Illustrators in Conversation
(Tara Books and Krishnamurti Foundation of India, Uttarkashi May 1996)
This was a workshop that served as a continuation of our first workshop with illustrators in 1995. Many of the participants were people who had attended the first workshop, and who wanted to carry the conversation further. We were joined by a few newcomers, including Julia Gukova and Vladimir Borsky, two very gifted Russian artists. Once more, the idea was to create a space for creative dialogue and to explore further the possibilities for new kinds of art in children’s literature. There were many conversations, and a lot of bold experimentation with form and content.
Some of the material that evolved from this workshop went on to become complete books. During this workshop, well known children’s illustrator Pulak Biswas produced the book Tiger on A Tree (with writer Anushka Ravishankar). The illustrations won him a plaque at the prestigious Biennale of Illustrations Bratislava 1999 (he is the first Indian to receive the award).
Picturing Words and Reading Pictures
(Tara Books and Max Mueller Bhavan -supported by Deutsche Welthungerhilfe Chennai, February 1995)
This was our first workshop for illustrators, where we brought together a body of people who were interested in pushing the boundaries of children’s book illustration.
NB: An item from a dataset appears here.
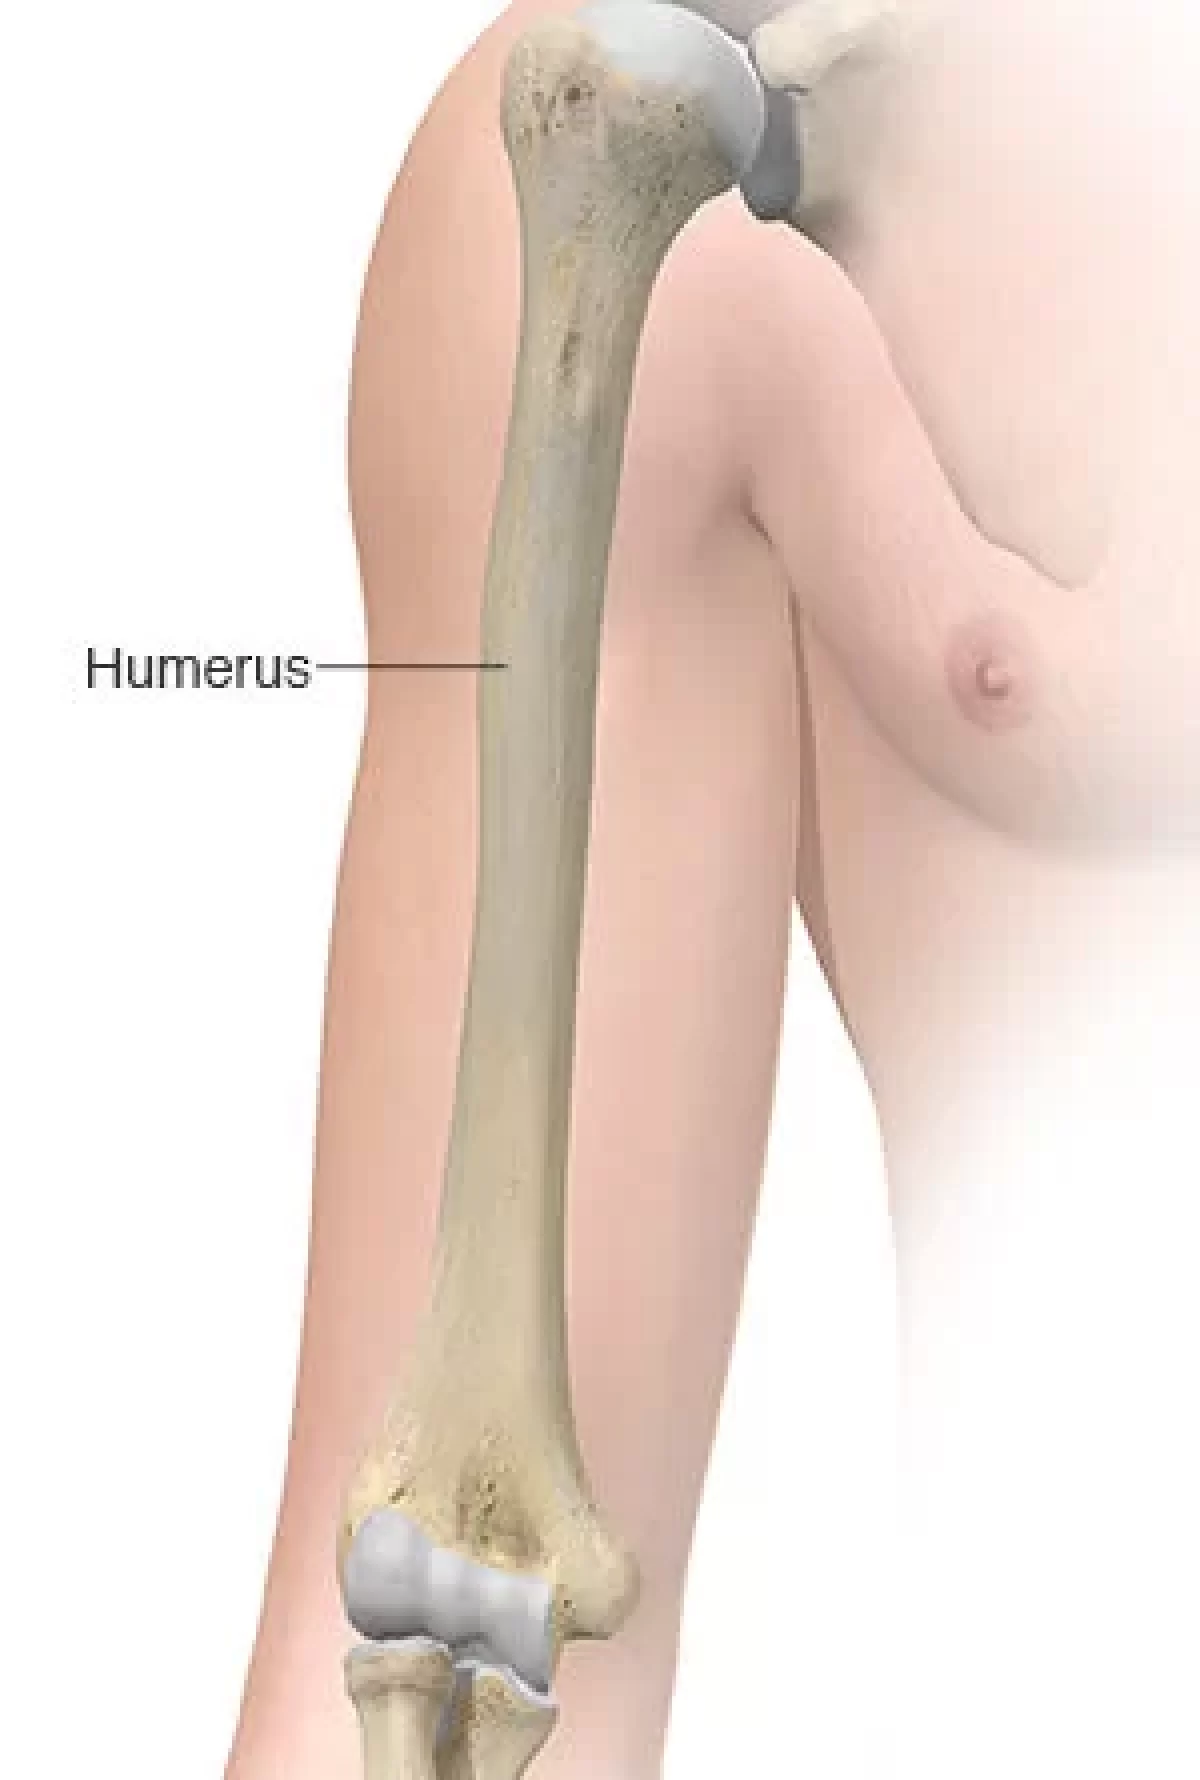 Humerus – Definition, Location, Anatomy, Functions, and Diagram

Twelve Indian and two German illustrators worked together for ten days in a largely unstructured and spontaneous workshop. The idea was to provide a space in which they could experiment, share work and profit from each other’s experiences without the pressure of immediate publishing or commercial concerns. Since artists often work in isolation, each day, people made presentations of their work to the other participants, and the event ended with a public exhibition of the material that emerged during the workshop.
In 1997, Gita Wolf put together the experiences and concerns of the workshop, along with interviews with the artists to create the book Picturing Words and Reading Pictures, the first critical look of illustration and children’s literature from an Indian perspective.